Published time: May 23, 2013 03:54
Kim Dotcom (Reuters / Nigel Marple)

Kim Dotcom (Reuters / Nigel Marple)

Megaupload founder and Internet tycoon Kim Dotcom claimed via Twitter Wednesday that he invented Two Step Authentication, a method of online security that adds a layer of log-in protection, and called on major Internet players to respect his copyright.

Dotcom is currently home in New Zealand on bail as US authorities pursue an extradition request in order to prosecute him on charges related to copyright infringement. But the mogul, whose birth name is Kim Schmitz, implied that he would take legal action against the powerful social networks and banking sites that have implemented Two Step Authentication if they refuse to contribute to his defense fund. 

The security feature springs into action when a user tries logging into a service from a device foreign to their usual method of access, at which point Two Step Authentication sends a one-time log-in password to a predetermined proxy device, such as that user’s cell phone.

Twitter is the most recent Internet behemoth to institute Two Step Authentication after hackers victimized the Associated Press, Financial Times, and other high profile news agencies.  

Wordpress, Facebook, Microsoft, and Google are just a few of the major networks that employ the advanced but not foolproof log-in method. 

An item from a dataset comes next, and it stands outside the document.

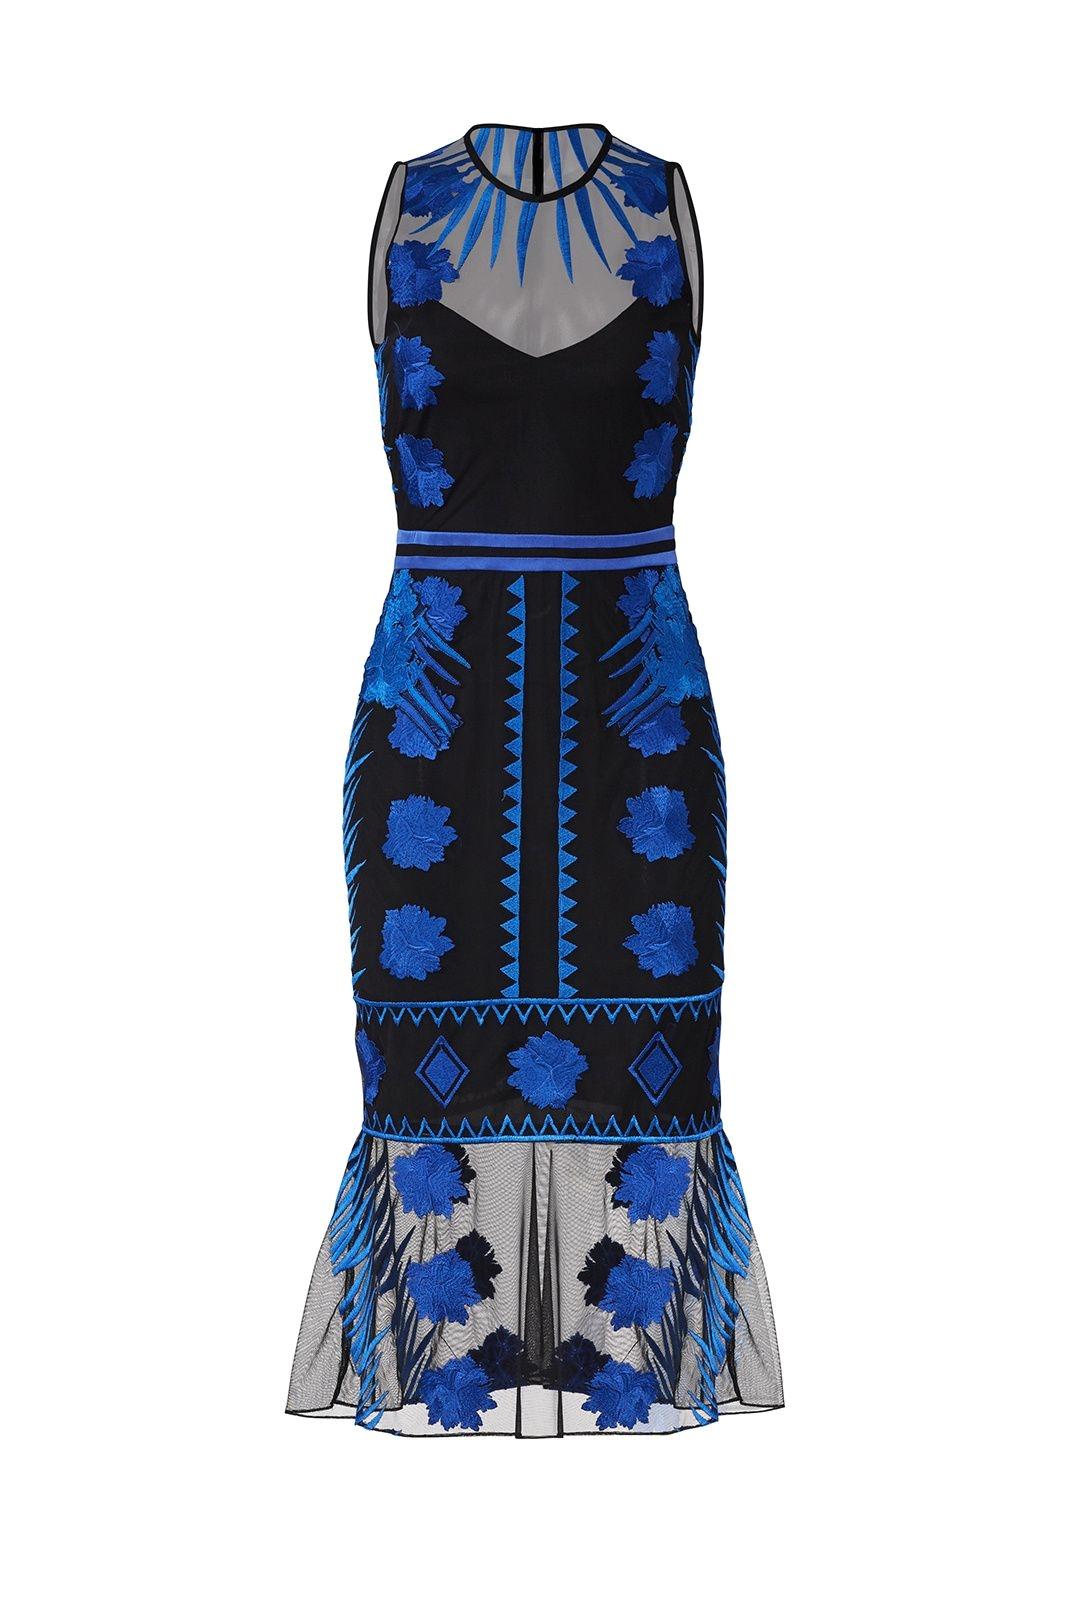 nicole miller blue mesh flutter dress

As proof of his ownership, Dotcom pointed his Twitter followers to a patent, requested in 1998 and published in 2000, that lists Kim Schmitz as the sole assignee. The document references 14 separate patents and itself has been referenced by 79 others, including Sony, HP, and Research in Motion (the precursor to Blackberry). 

The US Department of Justice is seeking to prosecute Dotcom on racketeering, fraud, money-laundering and copyright theft, charges that could land him a 20-year prison sentence if he were convicted in a US court. He has long denied the charges, citing an overzealous legal effort that was later found to have employed illegal surveillance methods.